=== Exercise aim ===
Leave out pictures; repeat exactly the lines from the "Lawmakers have been" line through the last of the data below.

=== Data excerpt ===
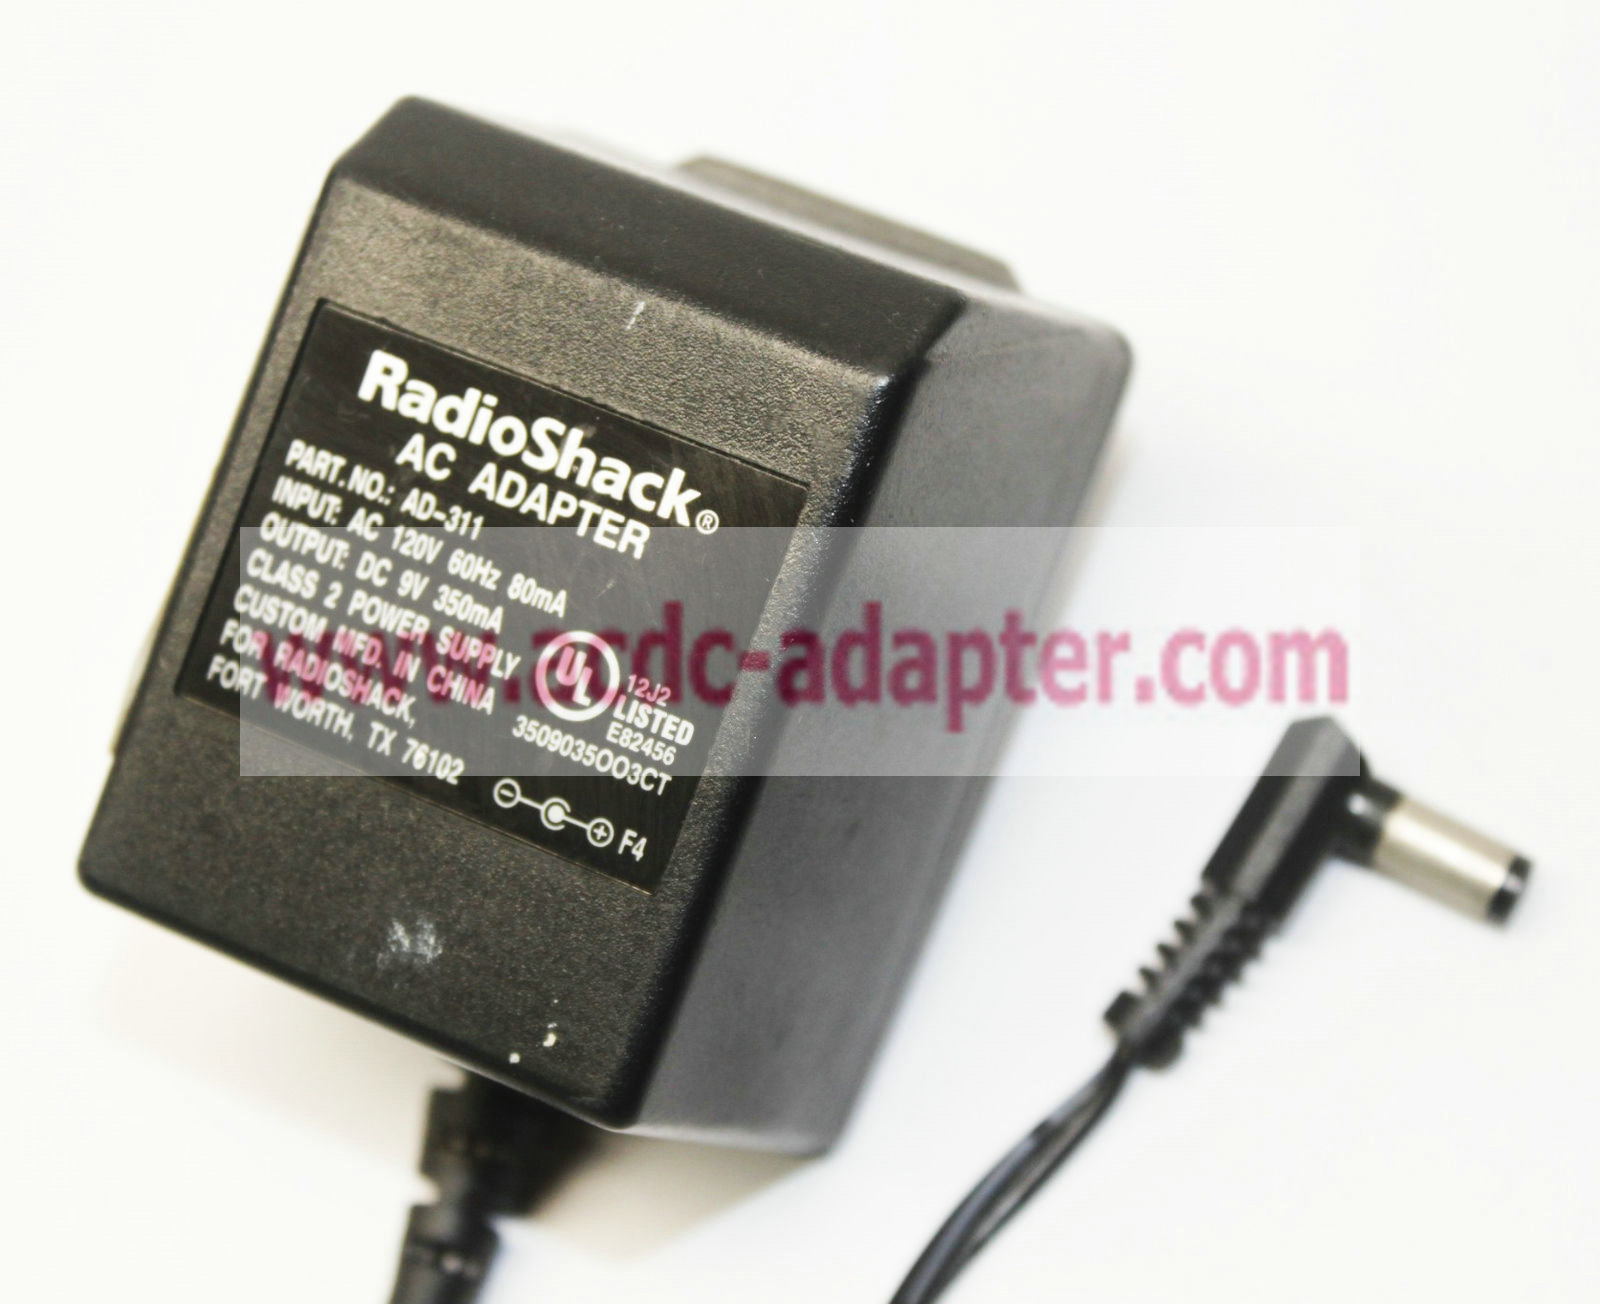 NEW Radio Shack DC 9V 350mA AC Adapter AD-311 Class 2 Power Supply Charger
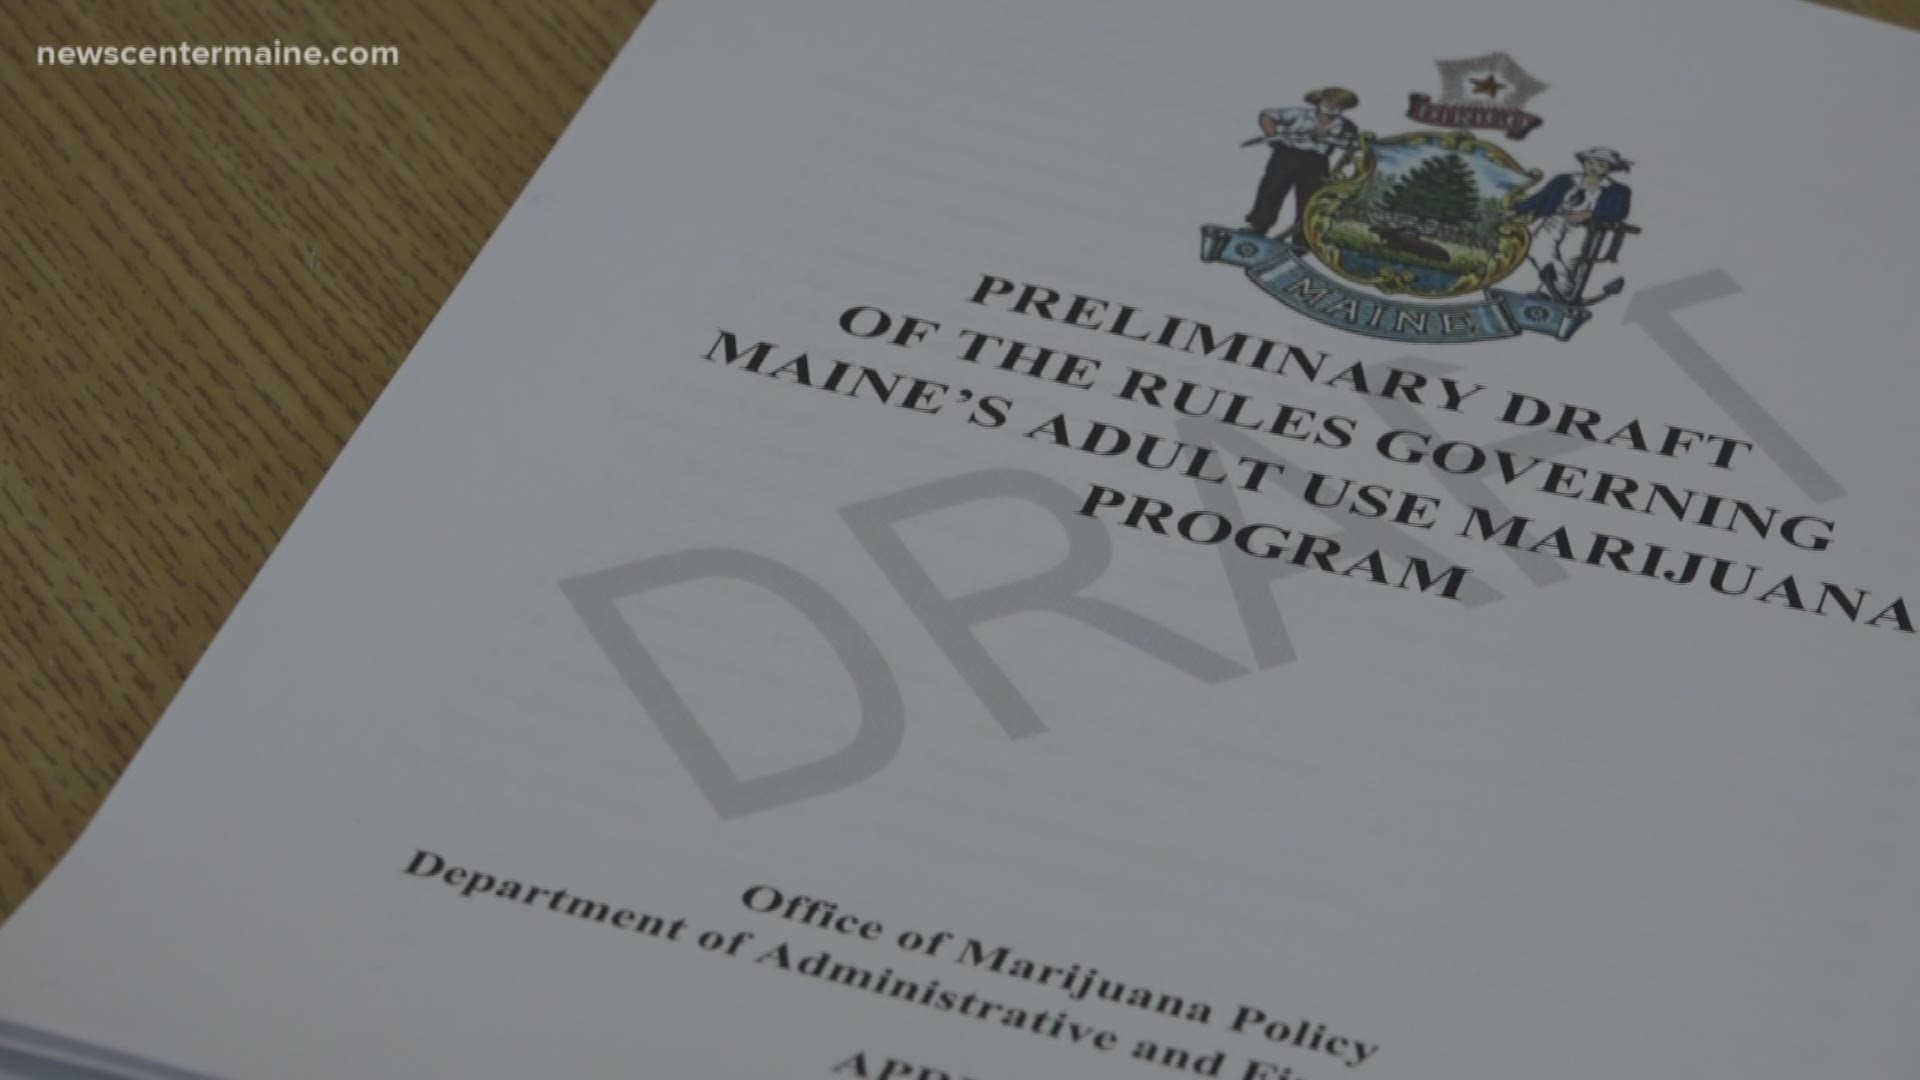 Lawmakers have been working since February to establish rules to regulate recreational marijuana use in Maine.
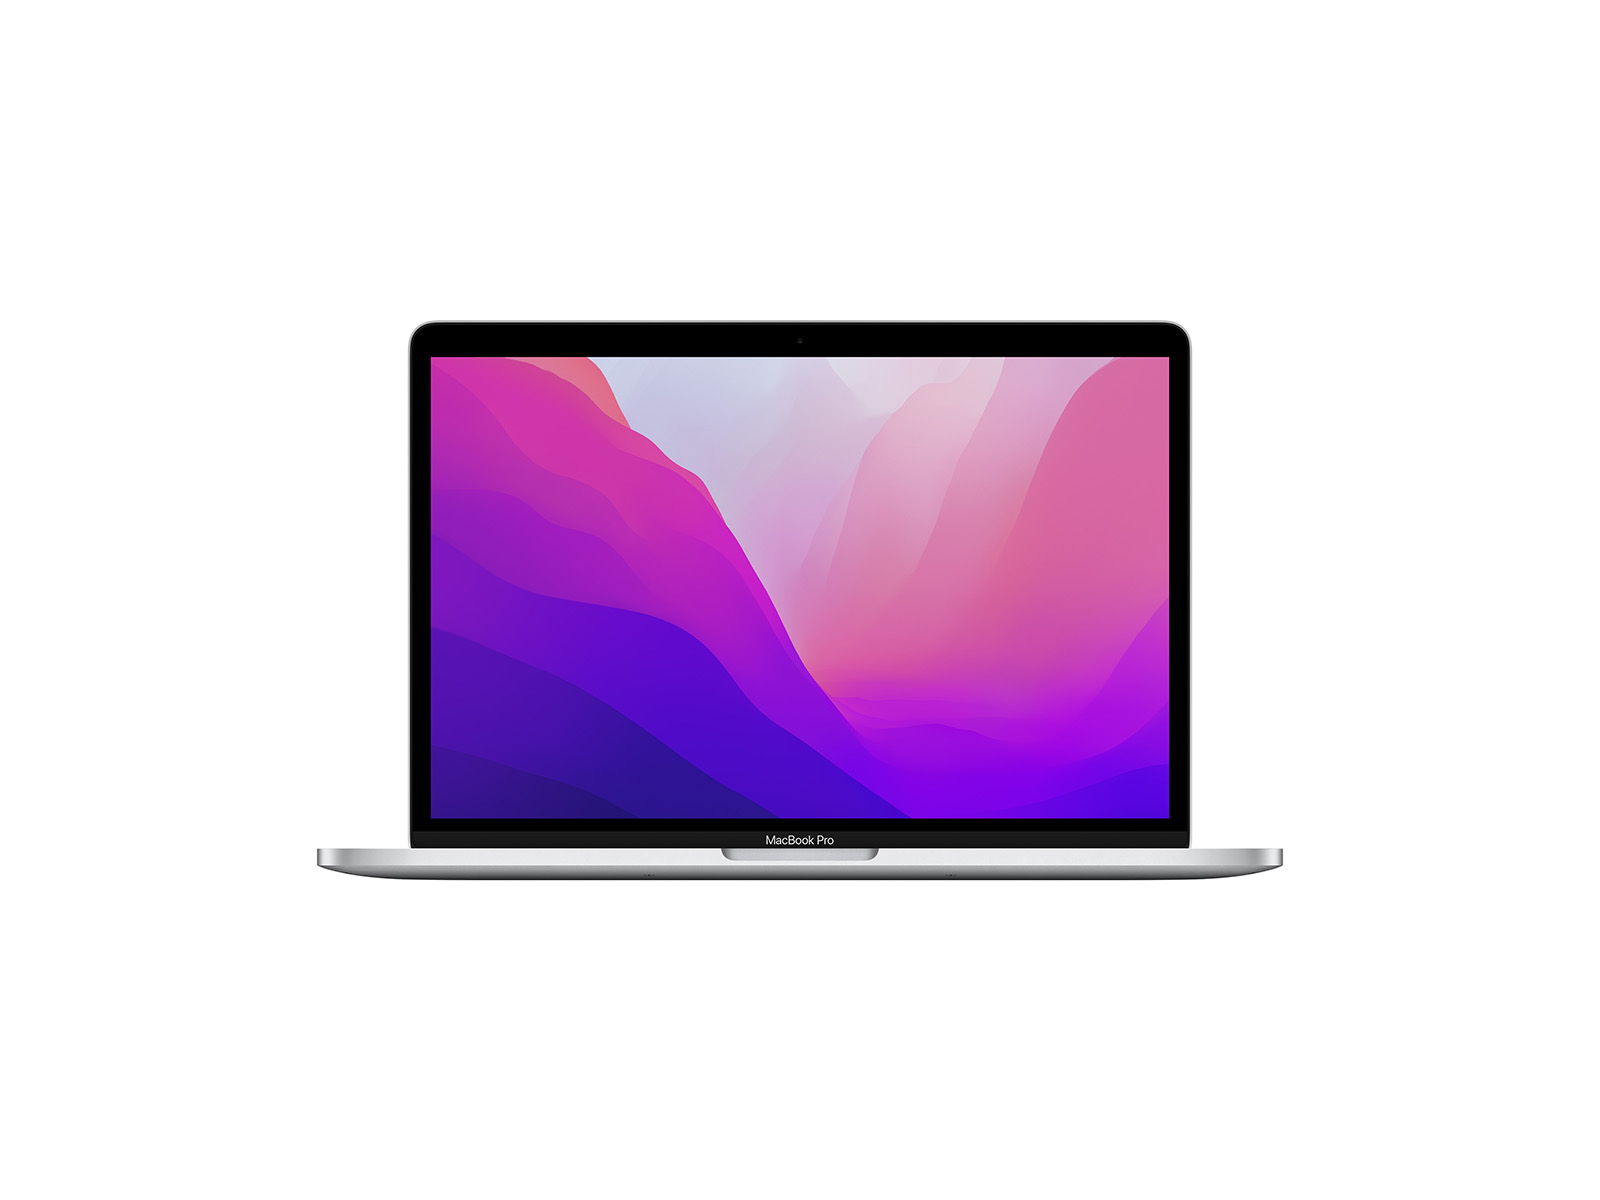 Get Your Hands On A Refurbished MacBook Pro For Under $440
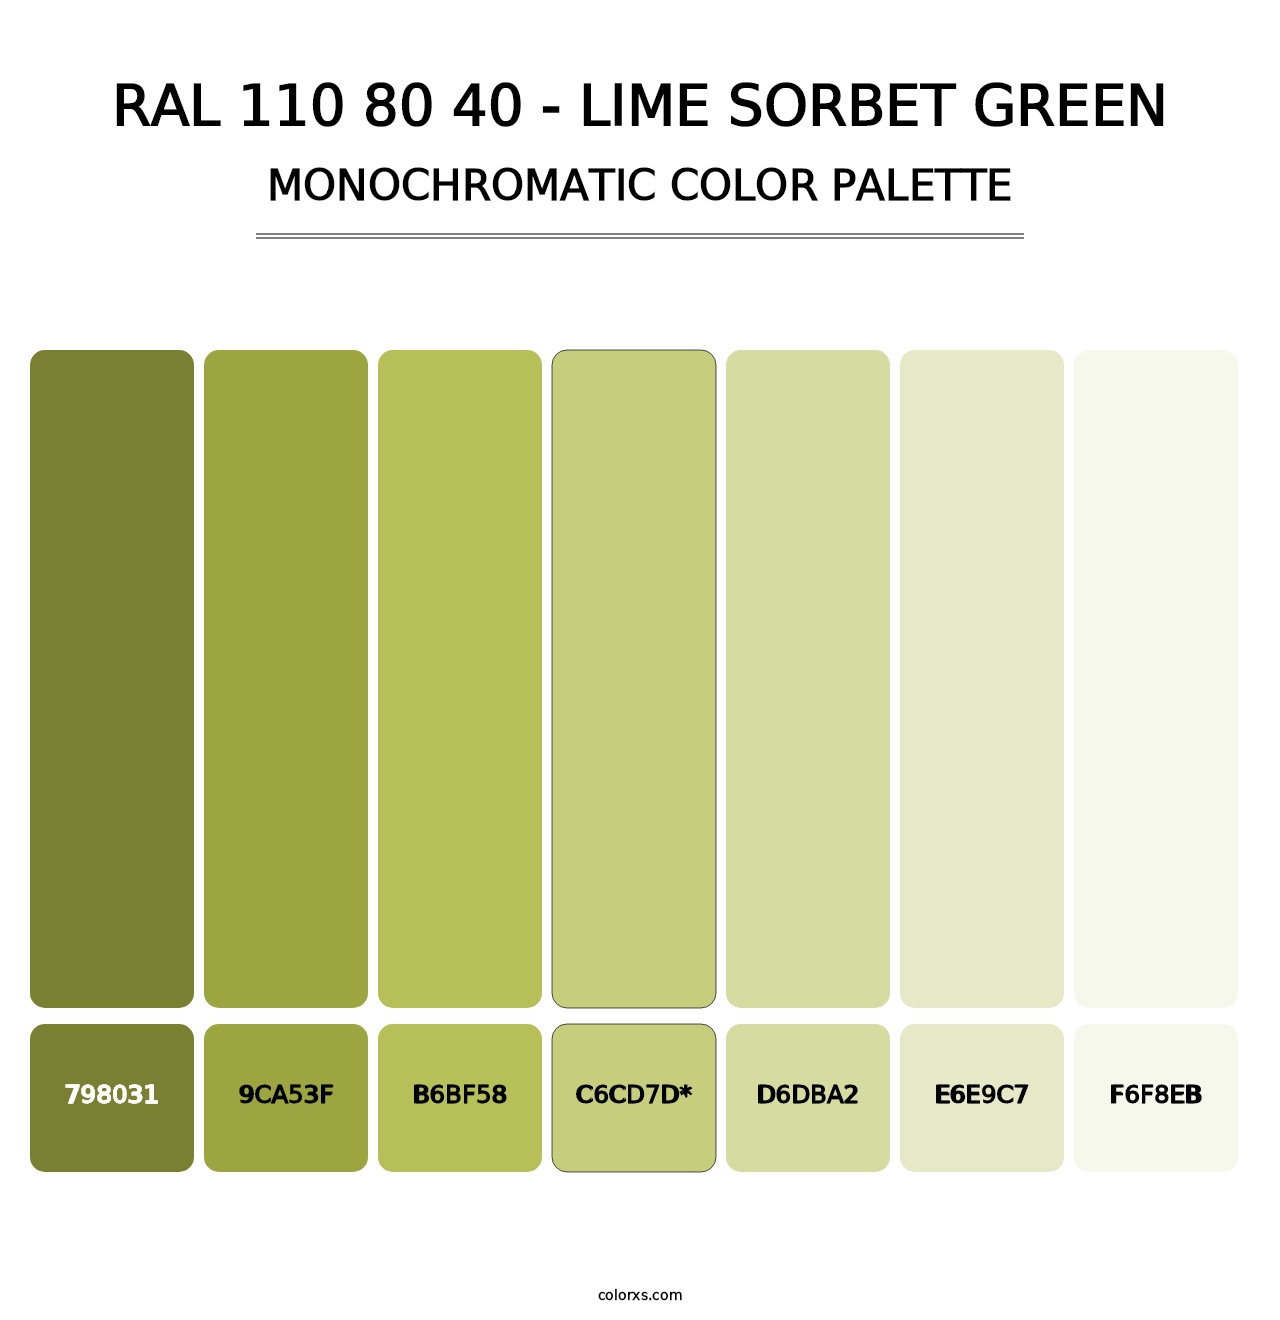 RAL 110 80 40 - Lime Sorbet Green - Monochromatic Color Palette

=== Answer to the problem ===
 Lawmakers have been working since February to establish rules to regulate recreational marijuana use in Maine.
 Get Your Hands On A Refurbished MacBook Pro For Under $440
 RAL 110 80 40 - Lime Sorbet Green - Monochromatic Color Palette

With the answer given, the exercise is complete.